* **PROVIDED MATERIAL**
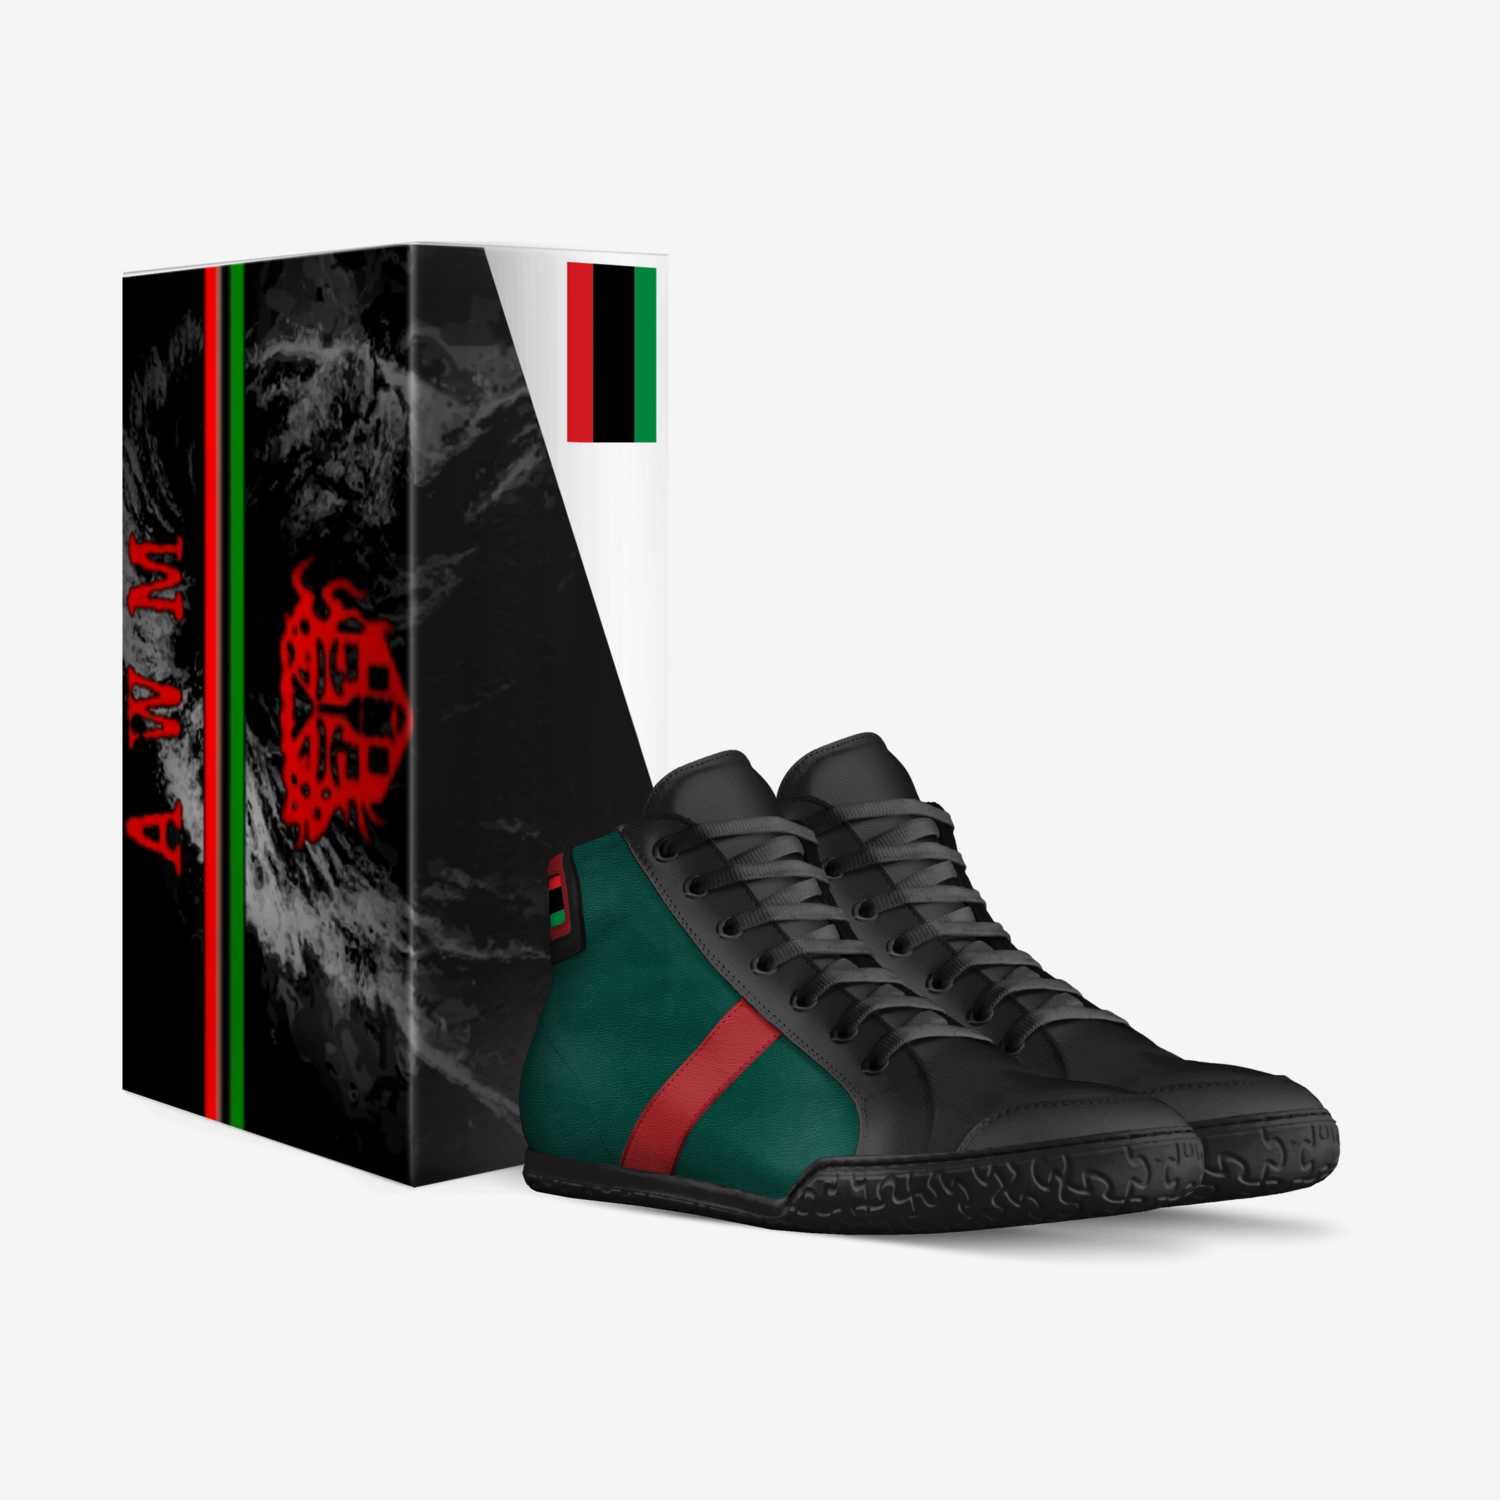 awm custom made in Italy shoes by African War Mask | Box view
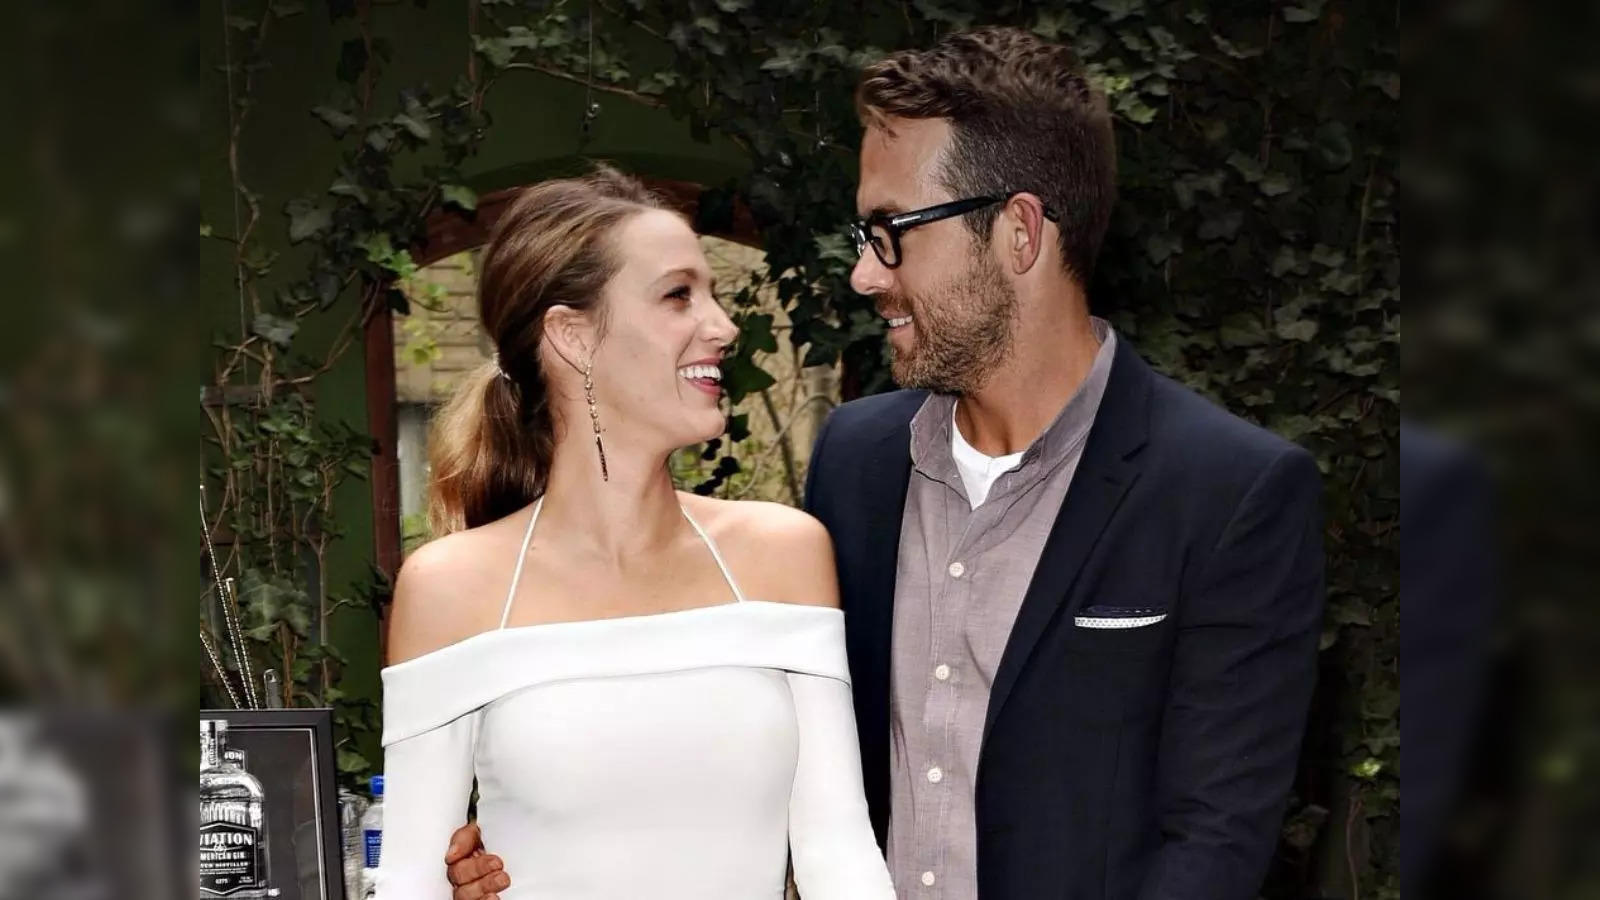 Blake Lively, Ryan Reynolds Are 'Thrilled' With 4th Child's Arrival
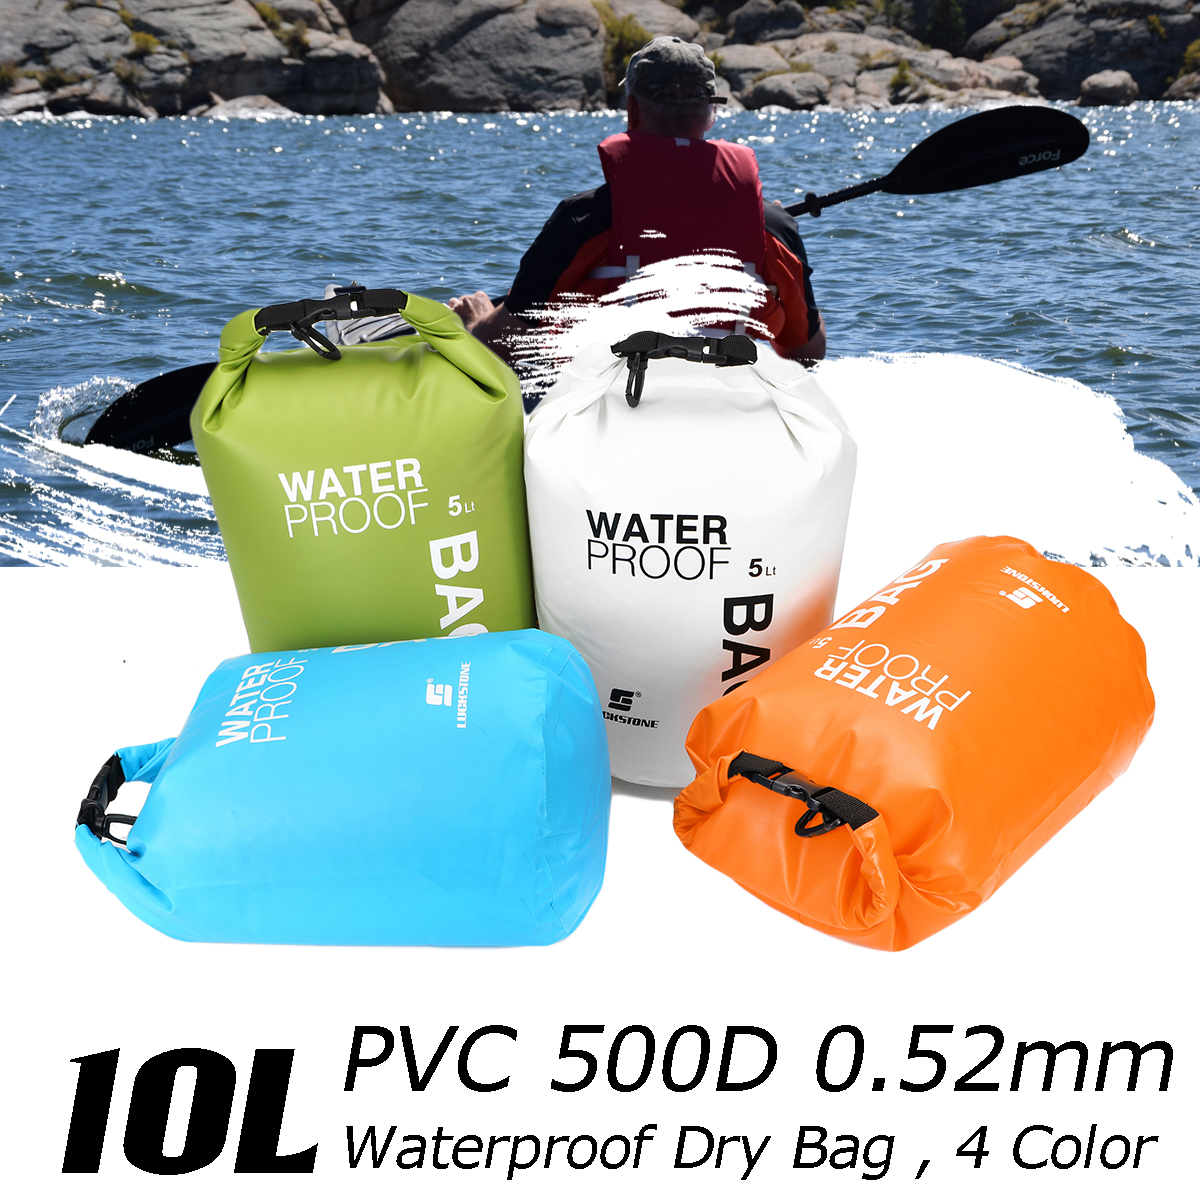 10L-Outdoor-Swimming-Air-Inflation-Floating-Mobile-Phone-Camera-Storage-PVC-Waterproof-Bag-1820807-1

* **WHAT YOU HAVE TO DO**
Excluding pictures, print all lines above exactly.

* **ANSWER SPACE**
 awm custom made in Italy shoes by African War Mask | Box view
 Blake Lively, Ryan Reynolds Are 'Thrilled' With 4th Child's Arrival
 10L-Outdoor-Swimming-Air-Inflation-Floating-Mobile-Phone-Camera-Storage-PVC-Waterproof-Bag-1820807-1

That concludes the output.